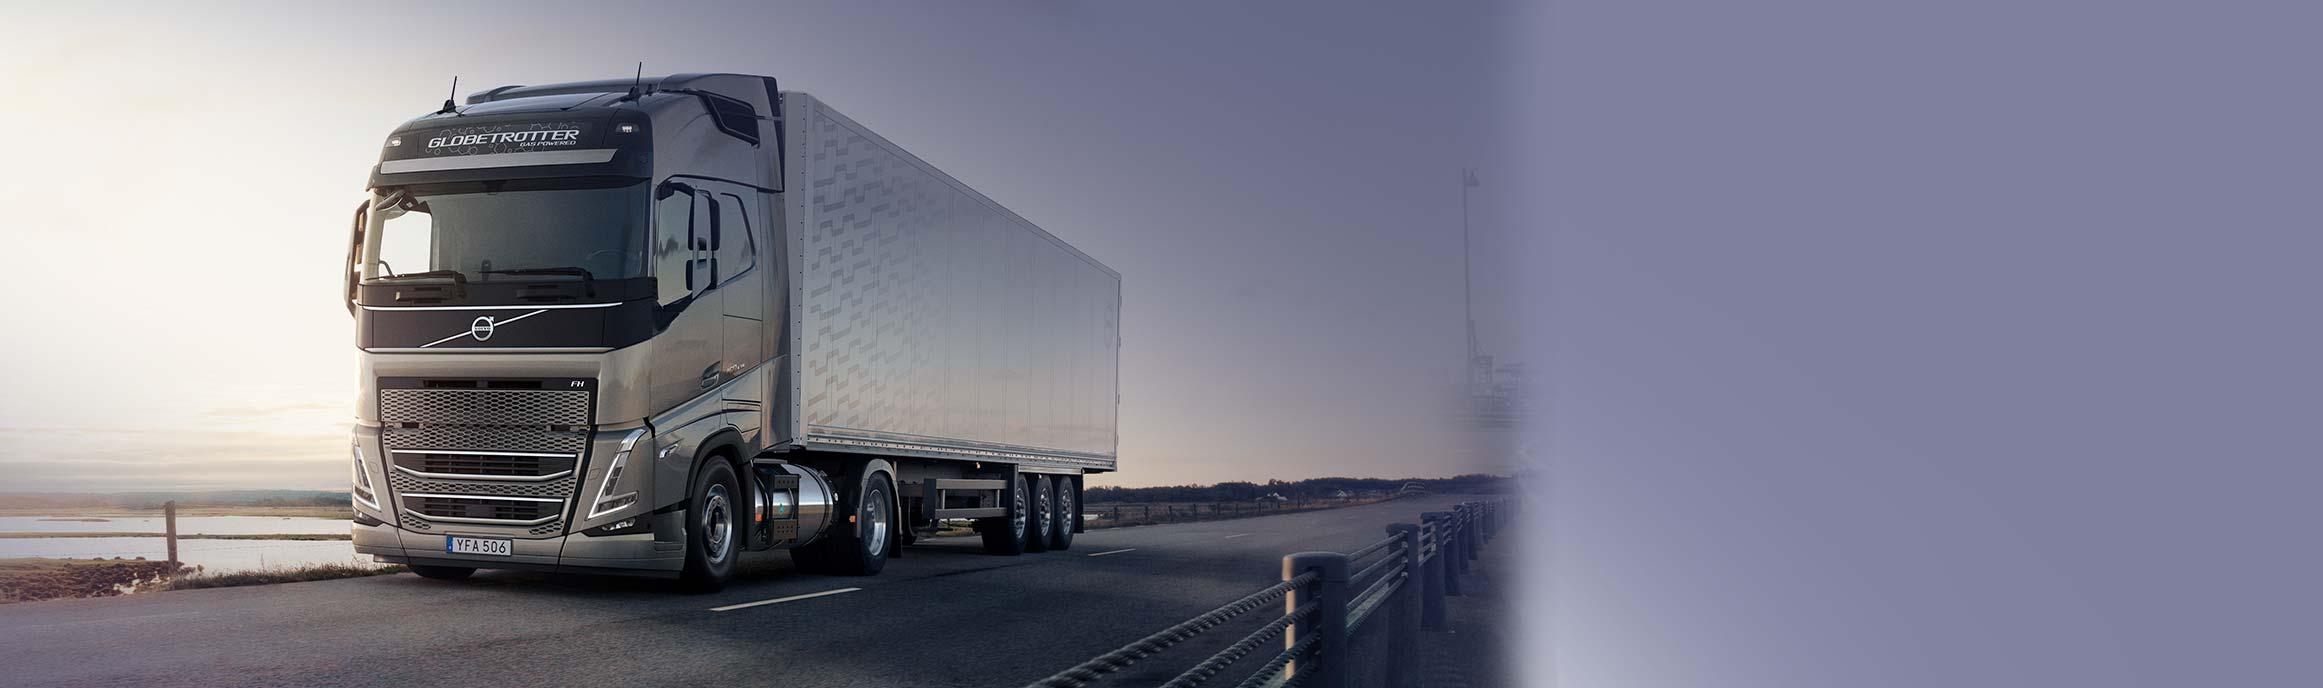 Volvo LNG Trucks bij BAS Truck Center
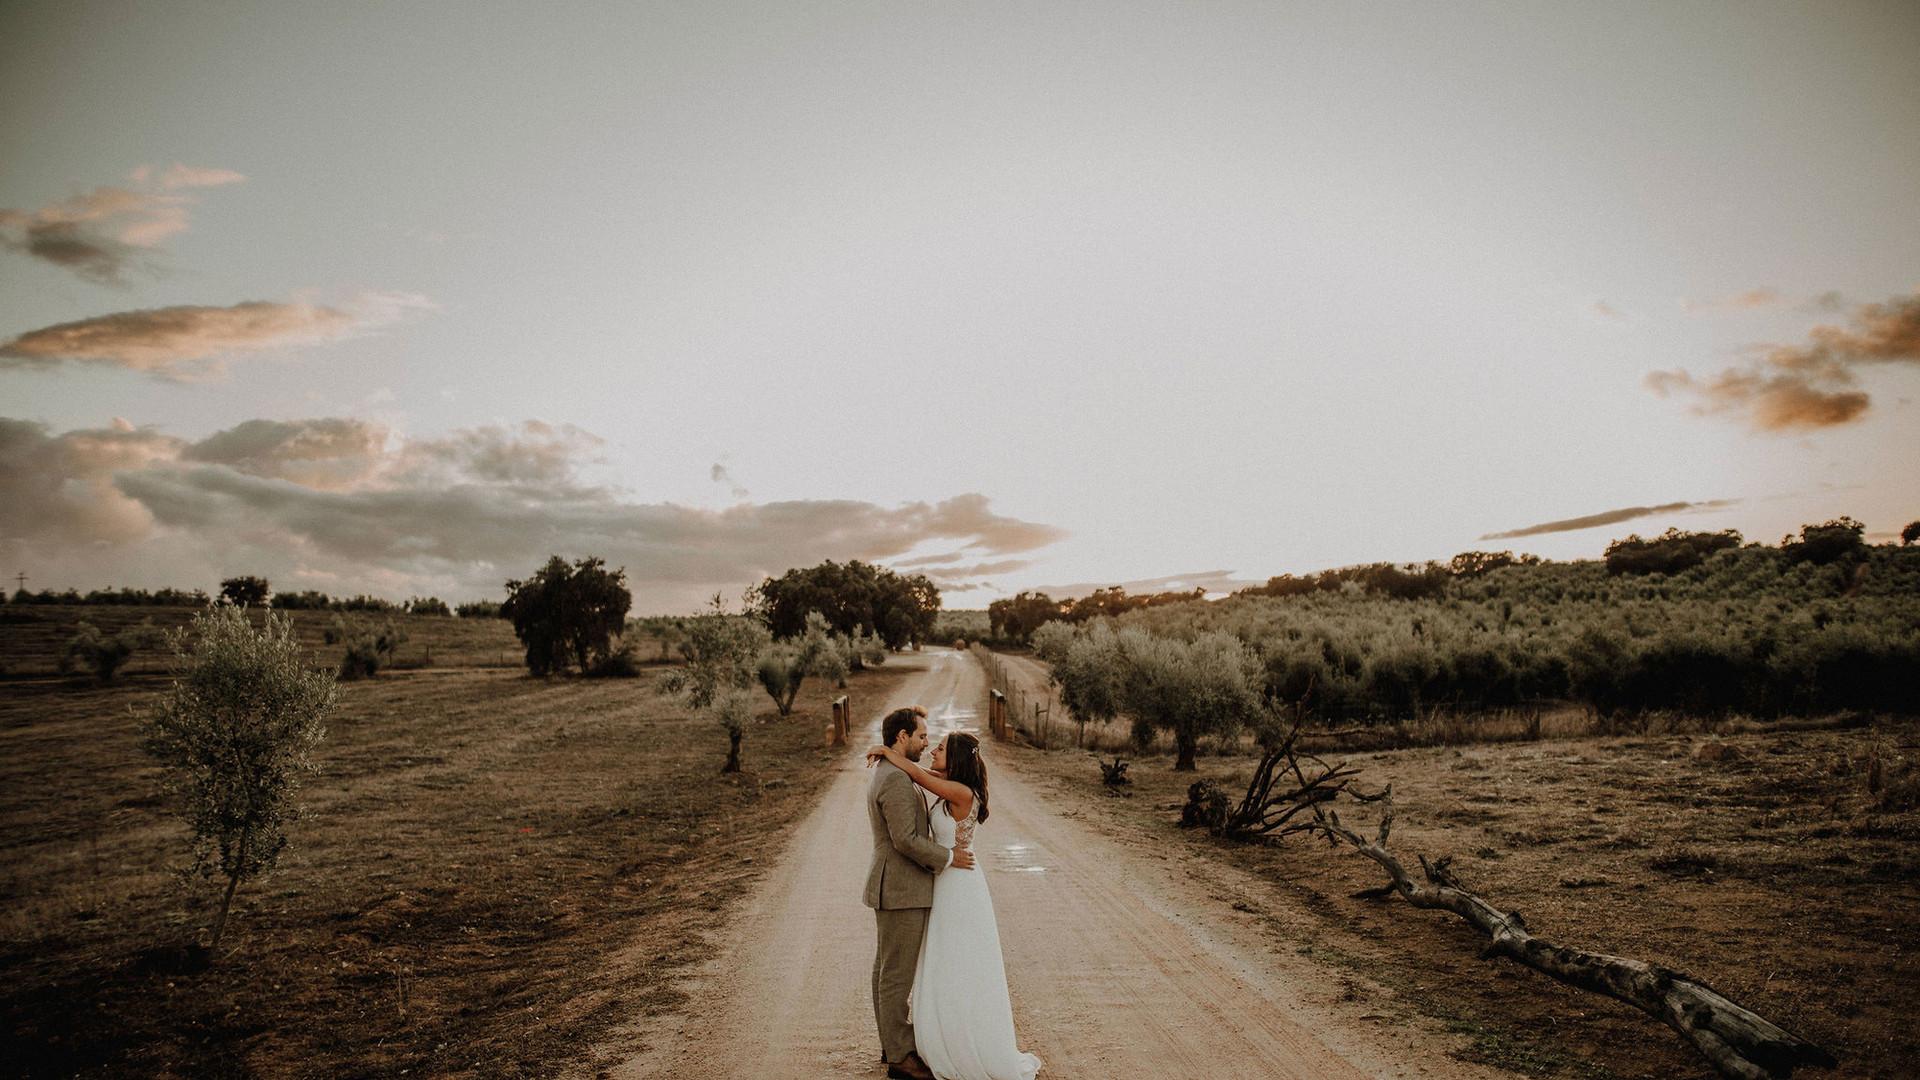 Bride & groom posing during photoshoot in Portugal
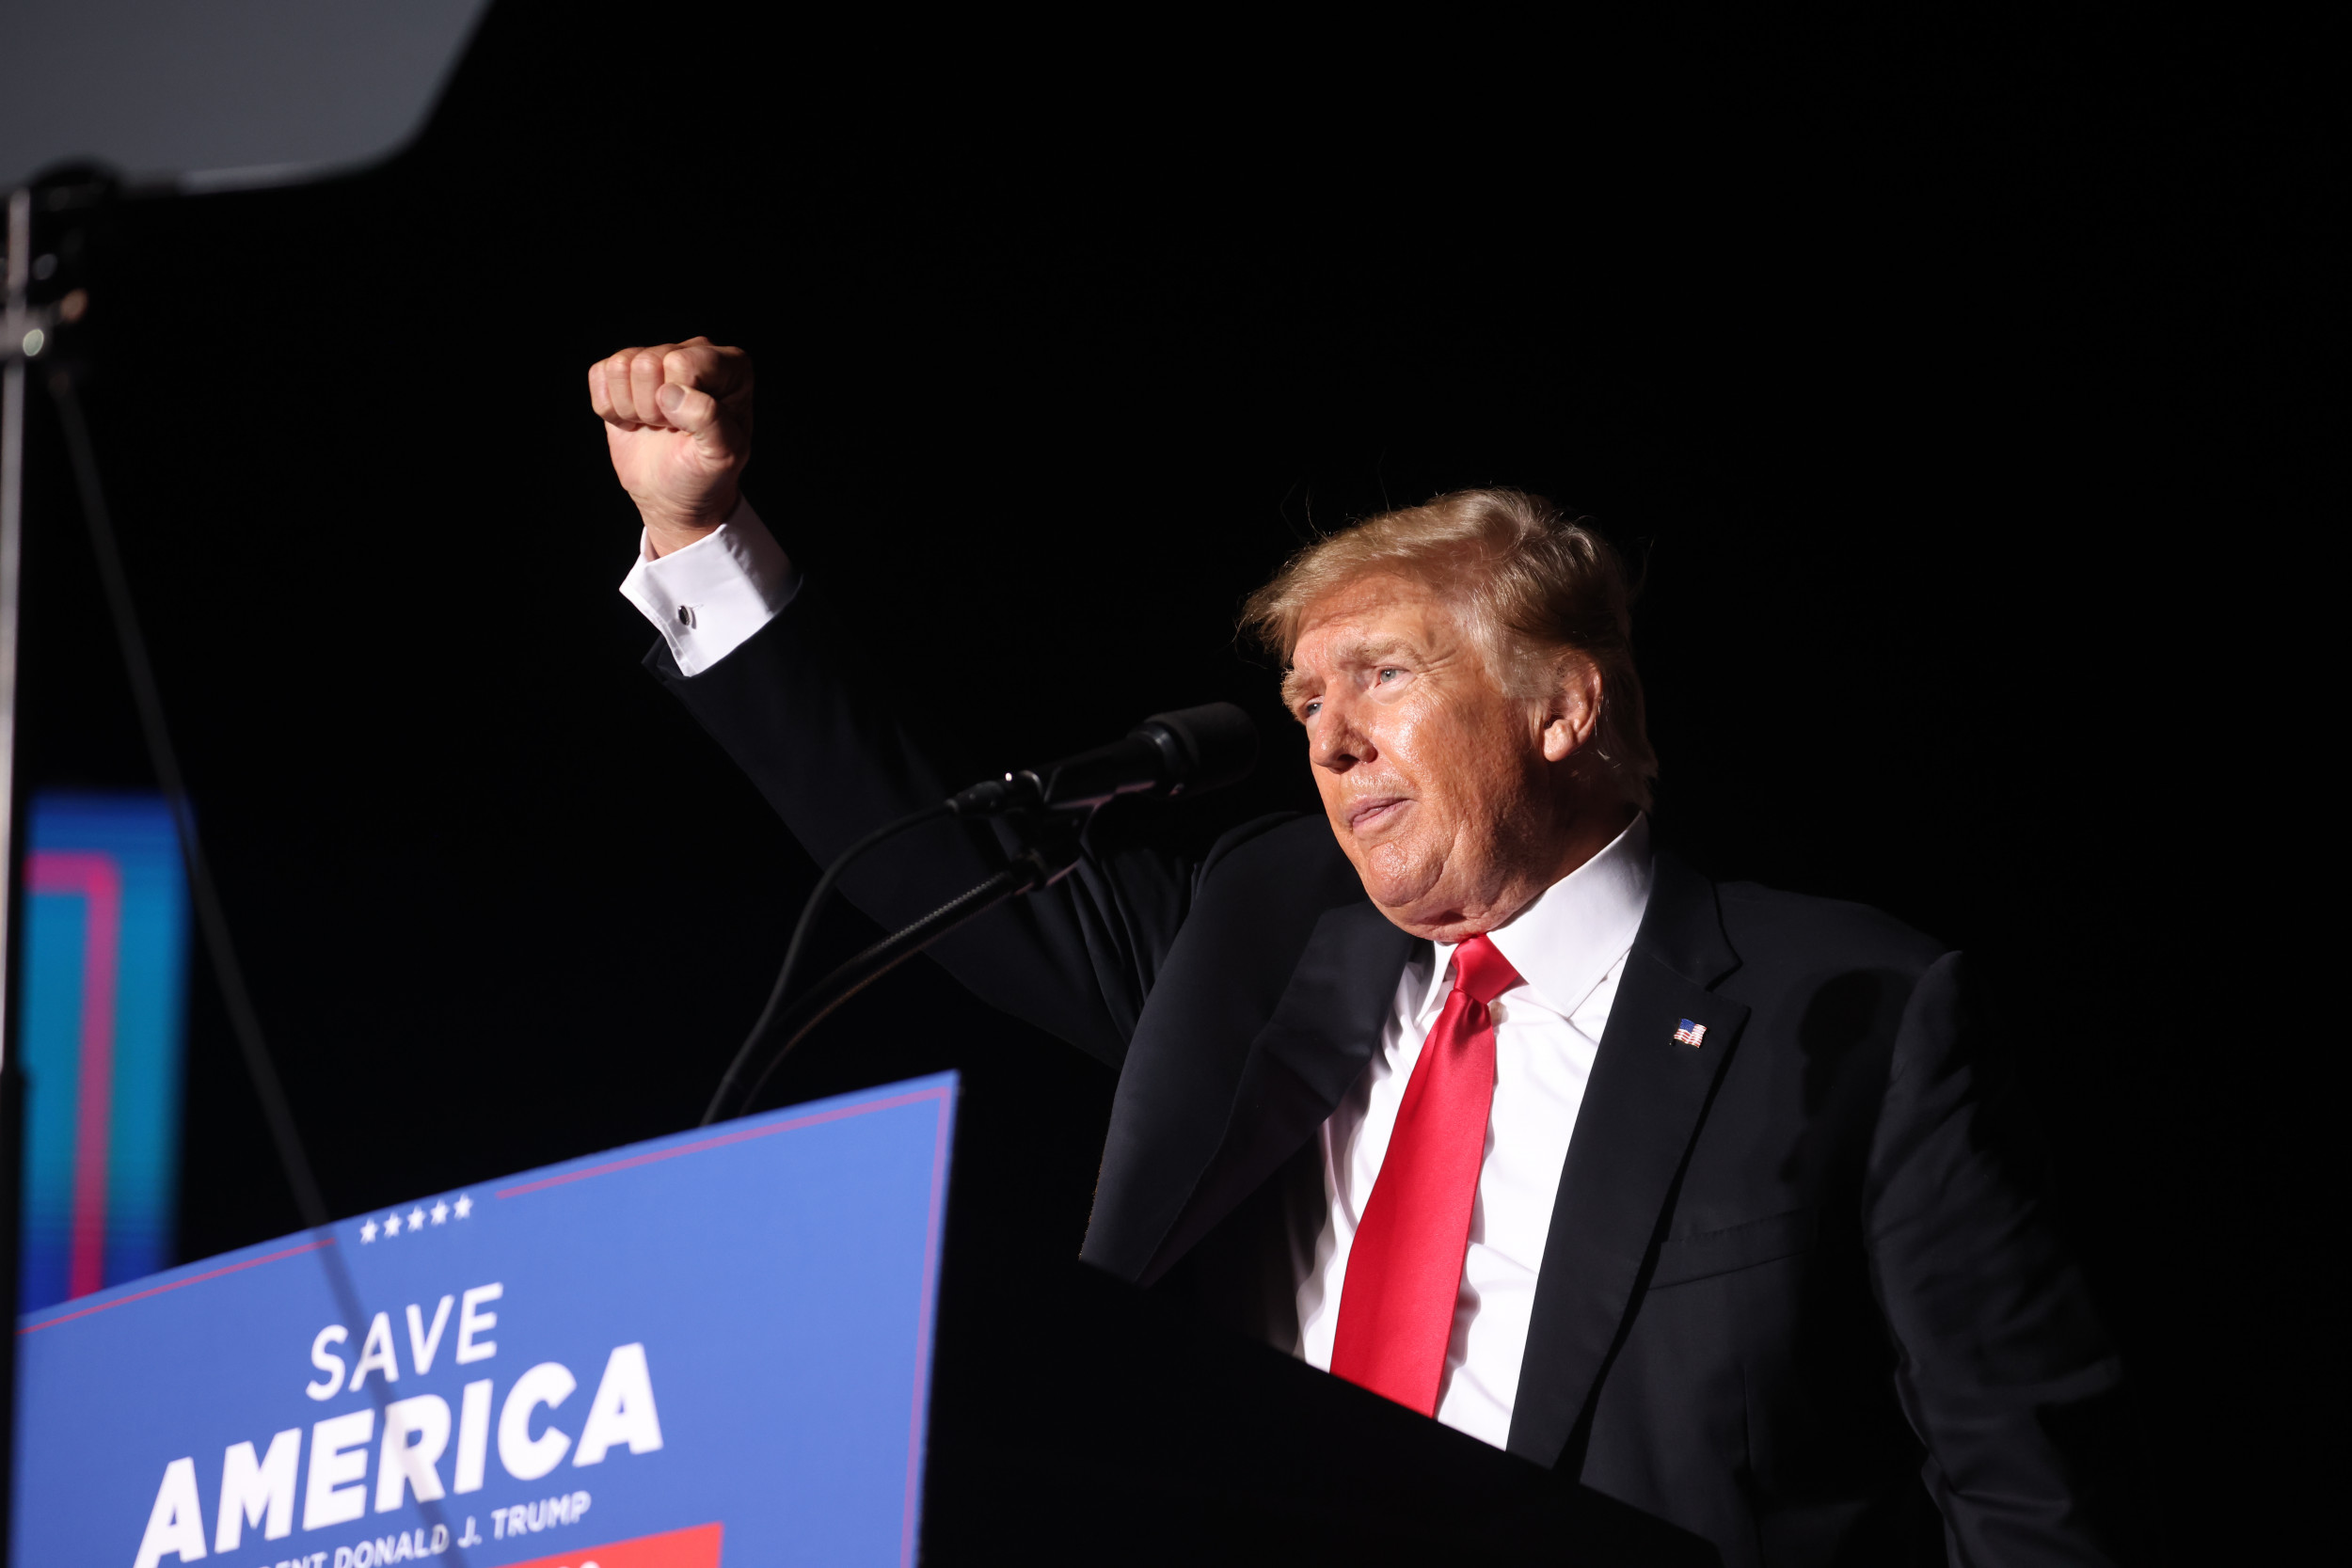 donald trump reinstated president republicans maga poll

···

What this calls for is the material above set down exactly, pictures excluded.

 Volvo LNG Trucks bij BAS Truck Center
 Bride & groom posing during photoshoot in Portugal
 donald trump reinstated president republicans maga poll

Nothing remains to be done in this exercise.